- DATA LISTING -
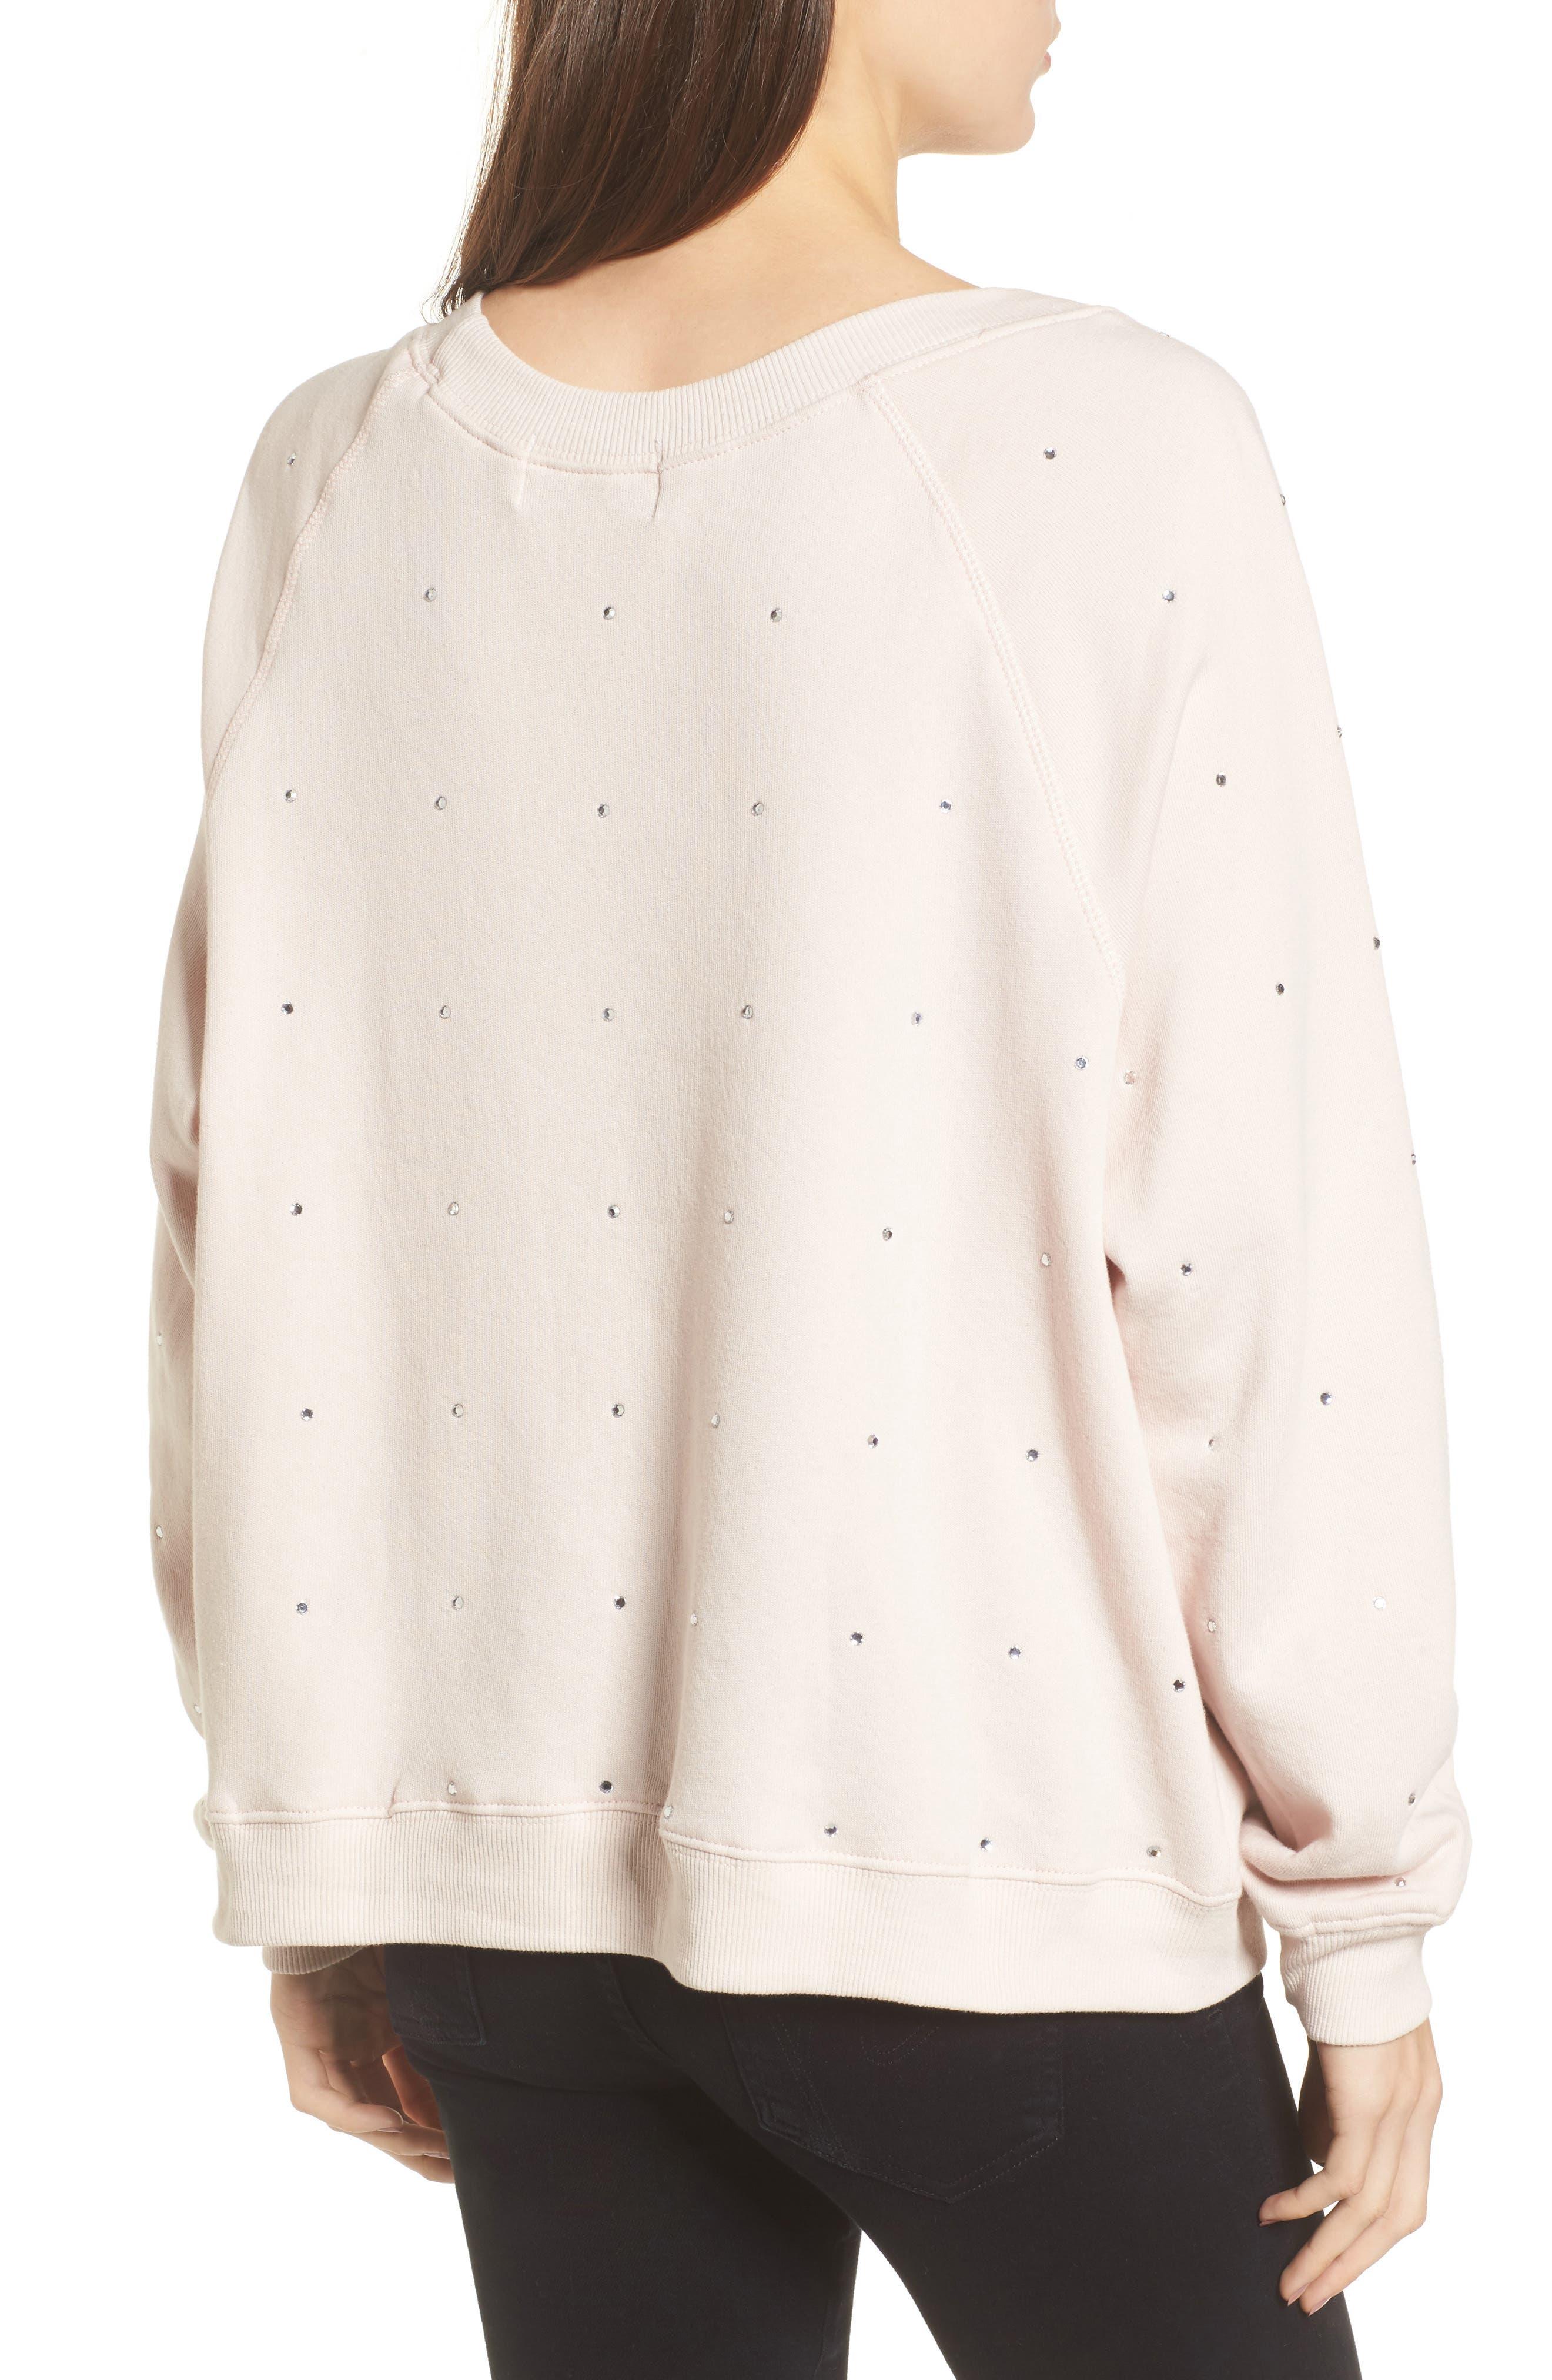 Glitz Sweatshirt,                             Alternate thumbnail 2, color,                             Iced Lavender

---

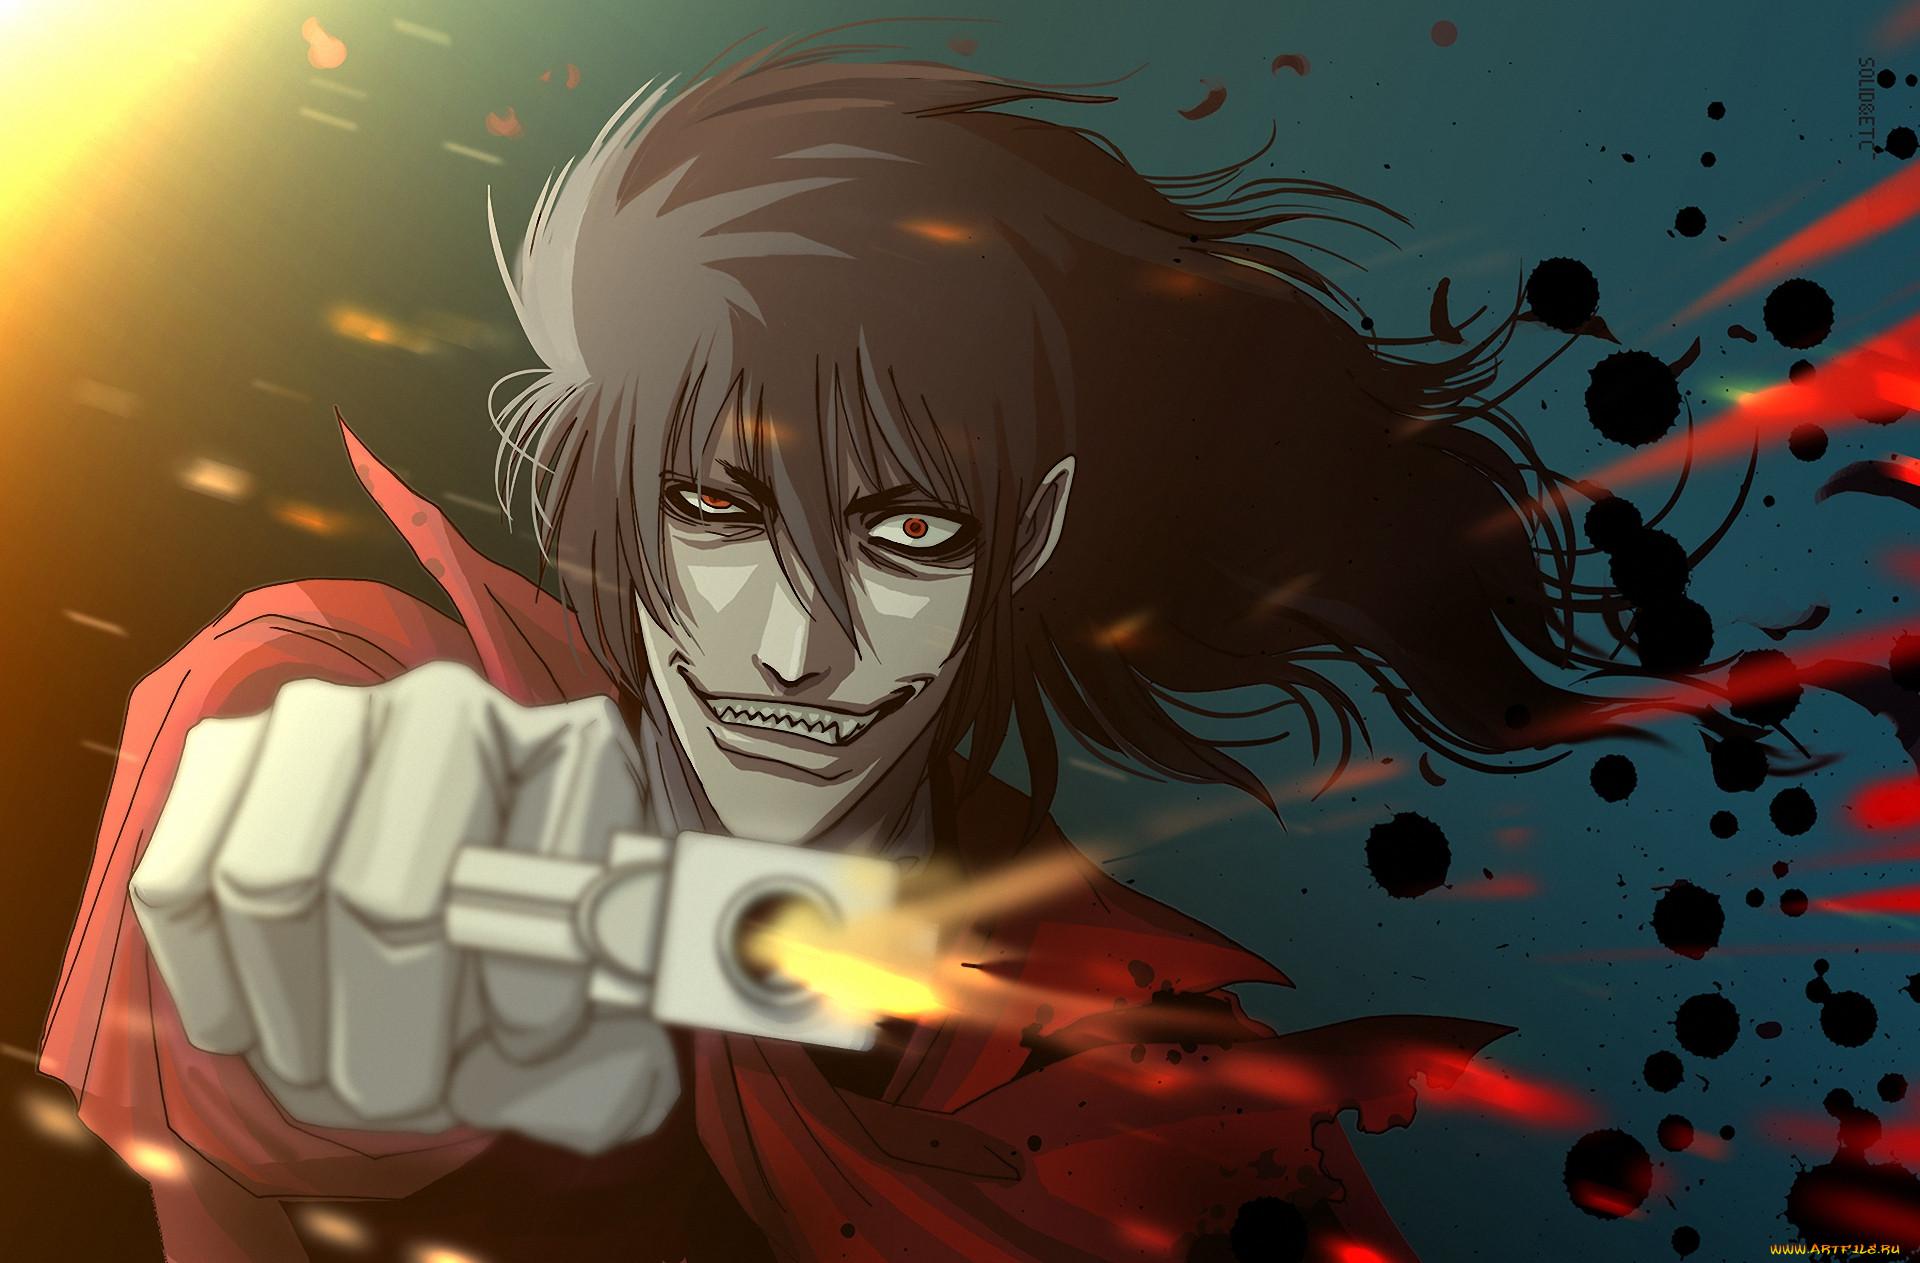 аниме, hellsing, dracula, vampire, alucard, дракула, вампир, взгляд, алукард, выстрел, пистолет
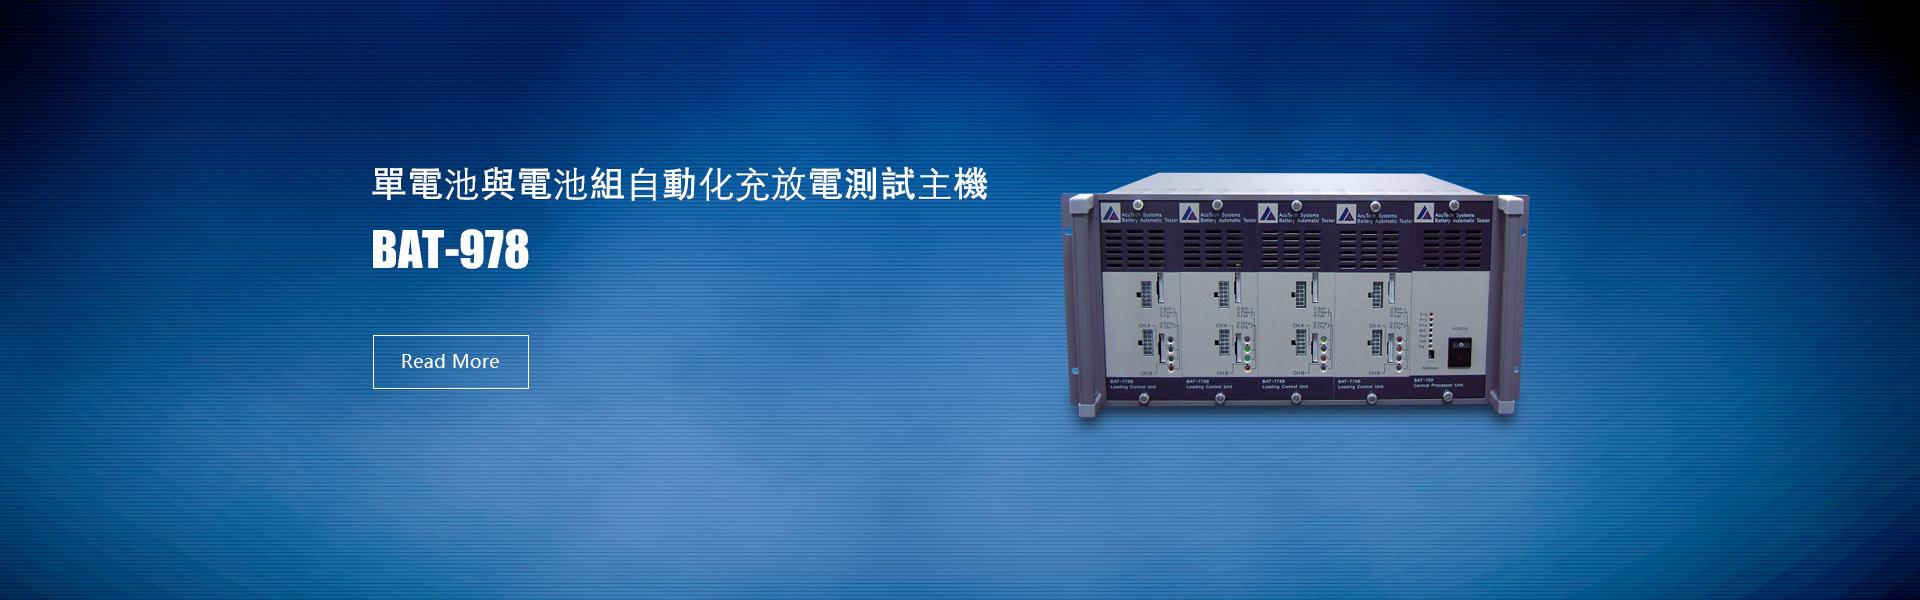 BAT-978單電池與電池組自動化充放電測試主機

- PROBLEM TO SOLVE -
Leaving each picture behind, please give again exactly the lines above from the one with "алукард, выстрел, пистолет" through the one with "BAT-978單電池與電池組自動化充放電測試主機", both included, and no others.

- YOUR RESPONSE -
 аниме, hellsing, dracula, vampire, alucard, дракула, вампир, взгляд, алукард, выстрел, пистолет
 BAT-978單電池與電池組自動化充放電測試主機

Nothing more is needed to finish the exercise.